> _WORK INSTRUCTIONS_
From first line to last, transcribe the listing exactly and skip any image.

> _PROVIDED DATA_
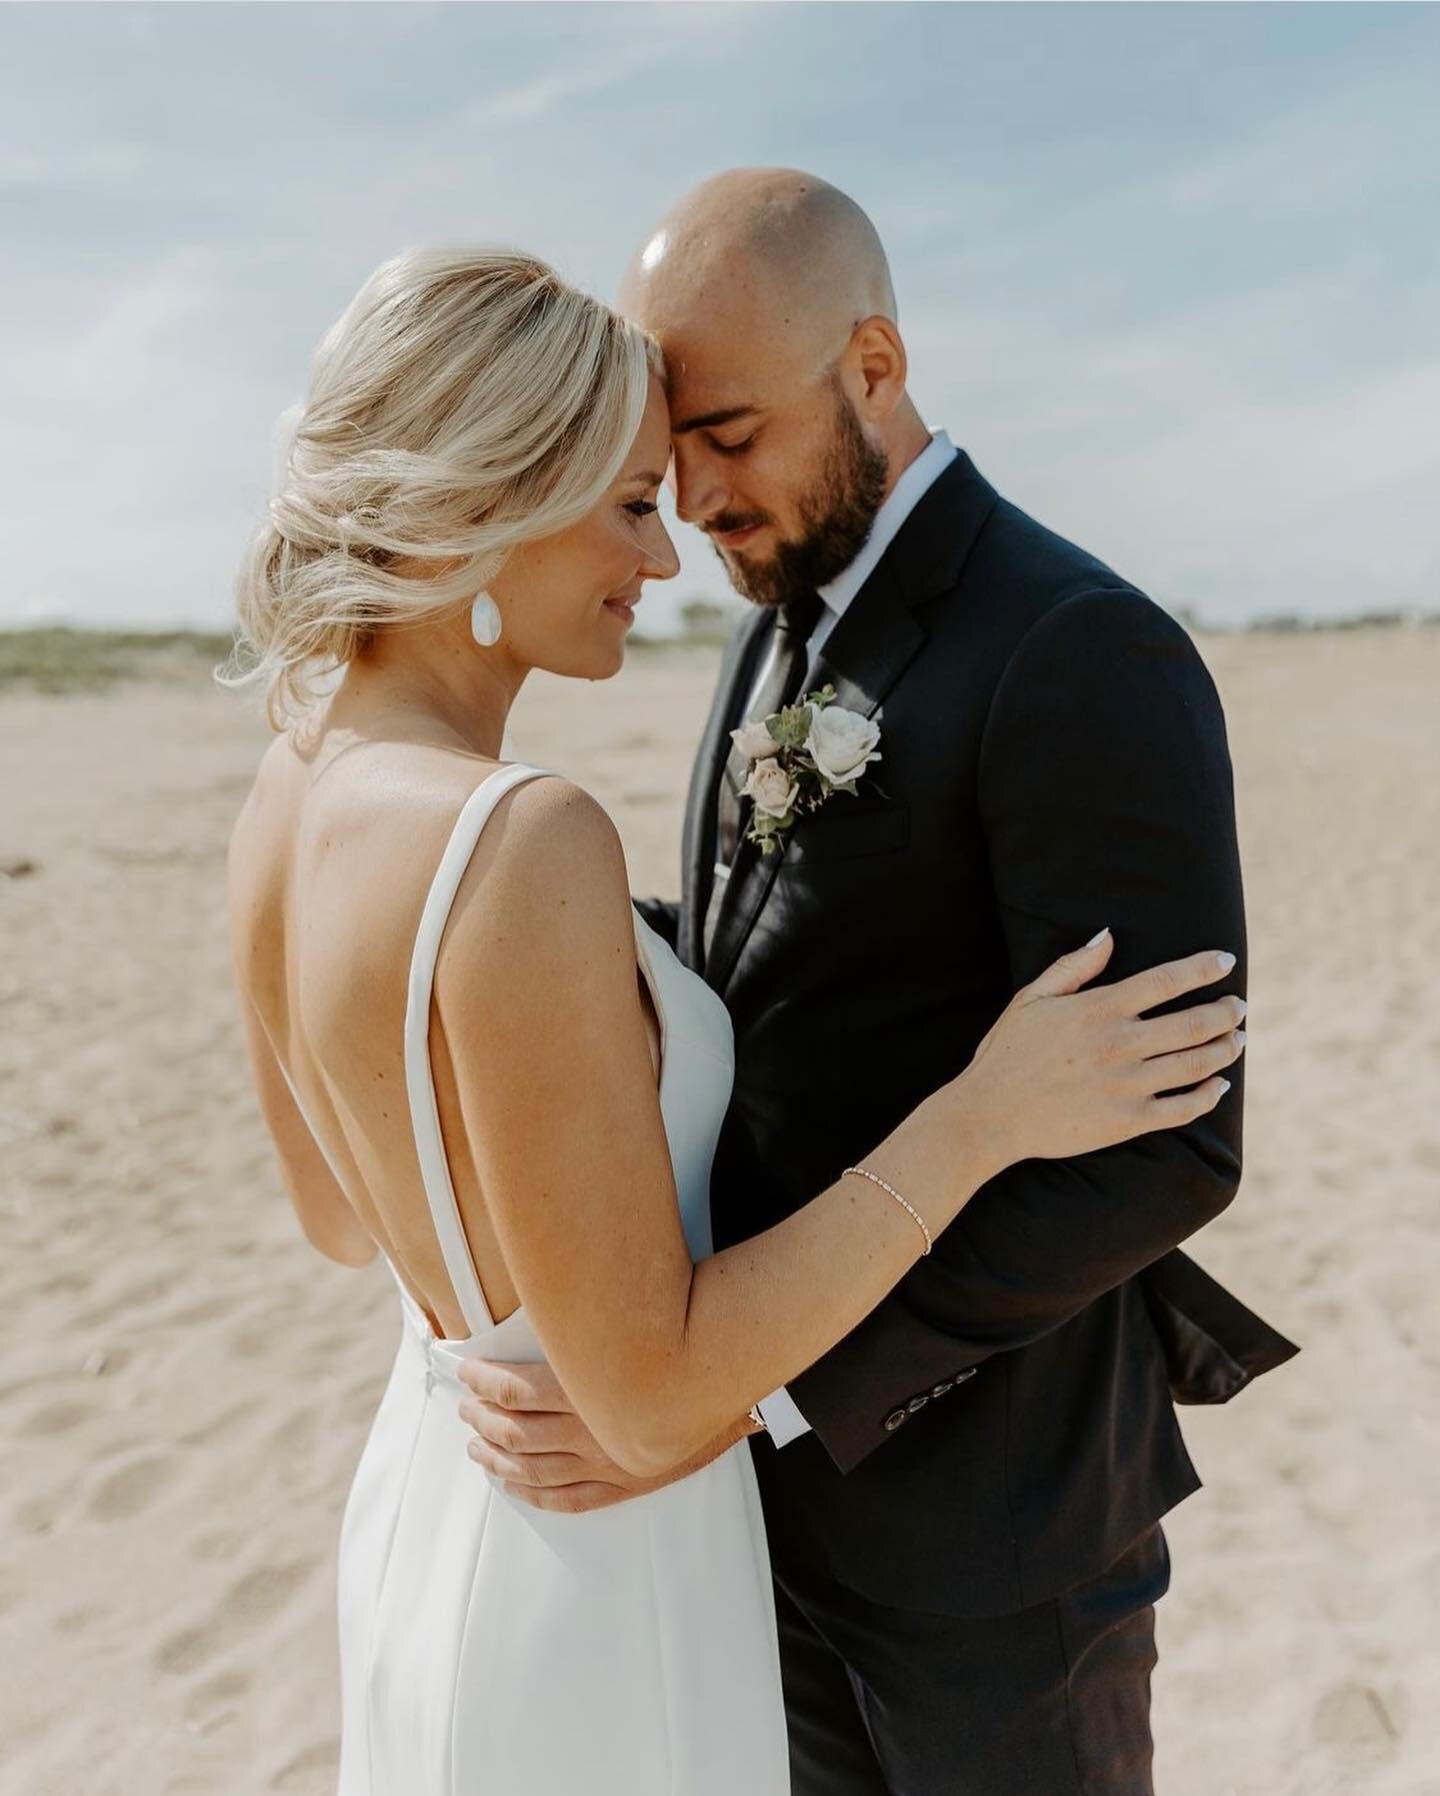 Is there anything better than summertime romance ☀️

These adorable love birds tied the knot at their family house on Plum Island, just north of Boston. Exchanging vows in the private sand dunes, with nature and family dancing around them. 

#plumisl
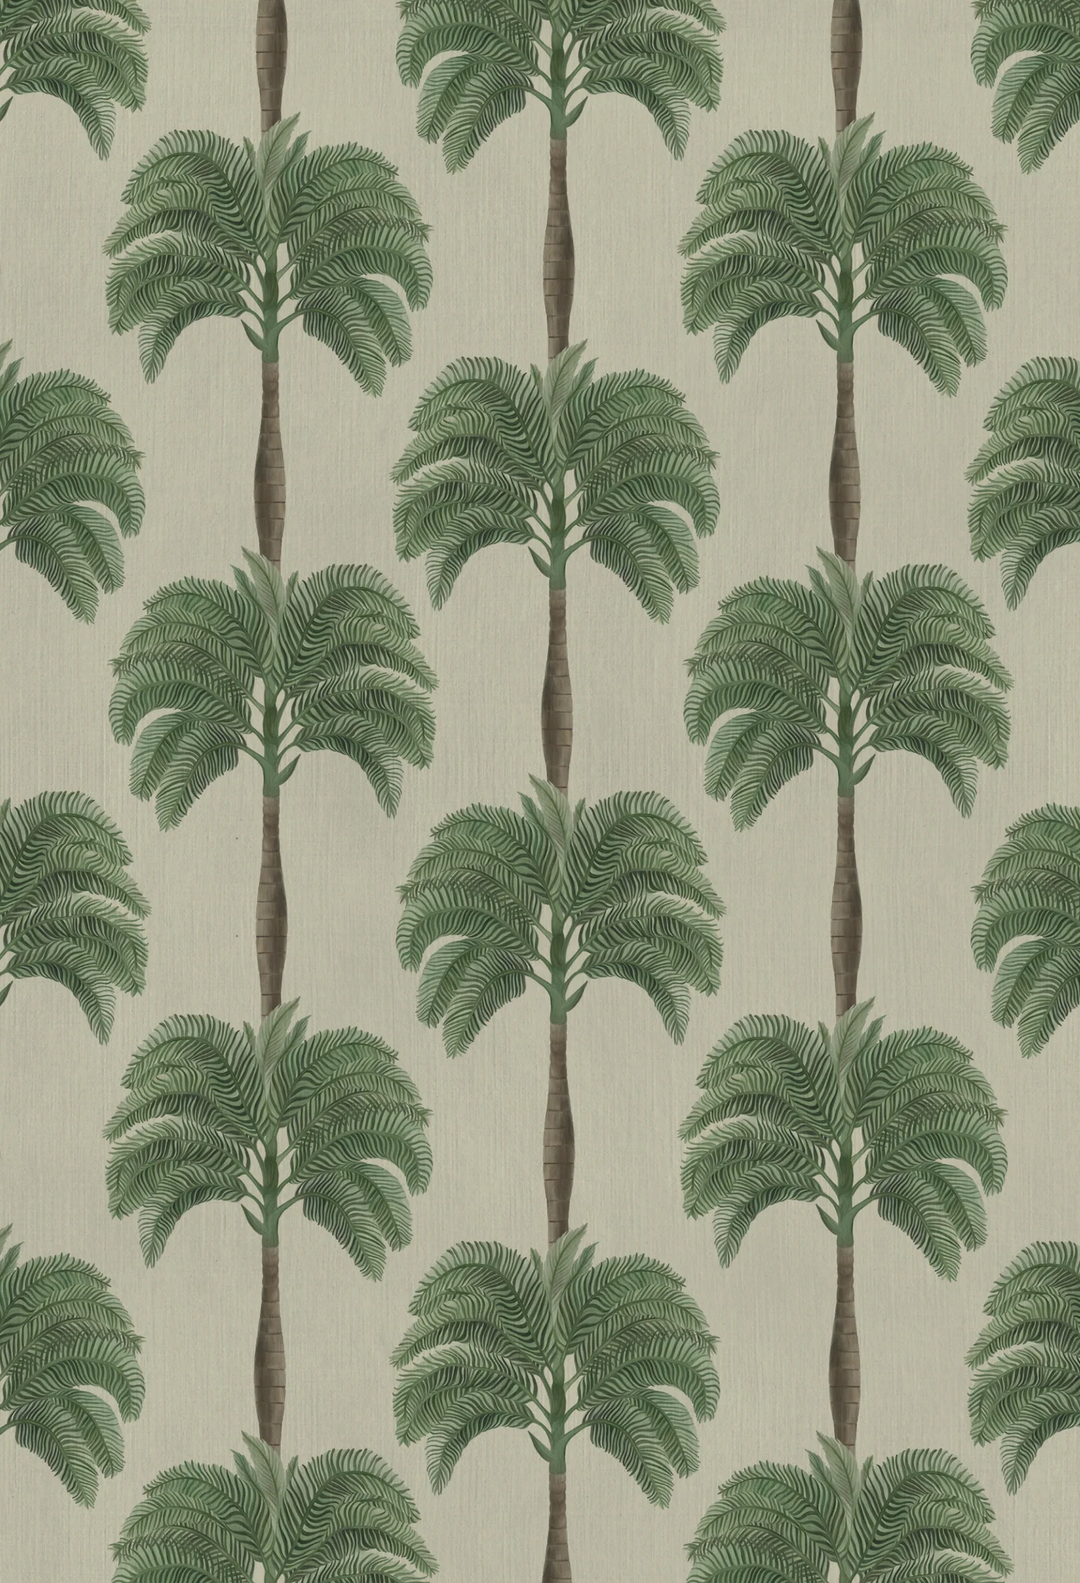 Deus-ex-gardenia-little-palma-wallpaper-small-palm-repeat-lagoon-sand-beige-background-tropical-palm-hand-illustrated-pattern-trees

> _ANSWER TO THIS EXERCISE_
 Is there anything better than summertime romance ☀️

These adorable love birds tied the knot at their family house on Plum Island, just north of Boston. Exchanging vows in the private sand dunes, with nature and family dancing around them. 

#plumisl
 Deus-ex-gardenia-little-palma-wallpaper-small-palm-repeat-lagoon-sand-beige-background-tropical-palm-hand-illustrated-pattern-trees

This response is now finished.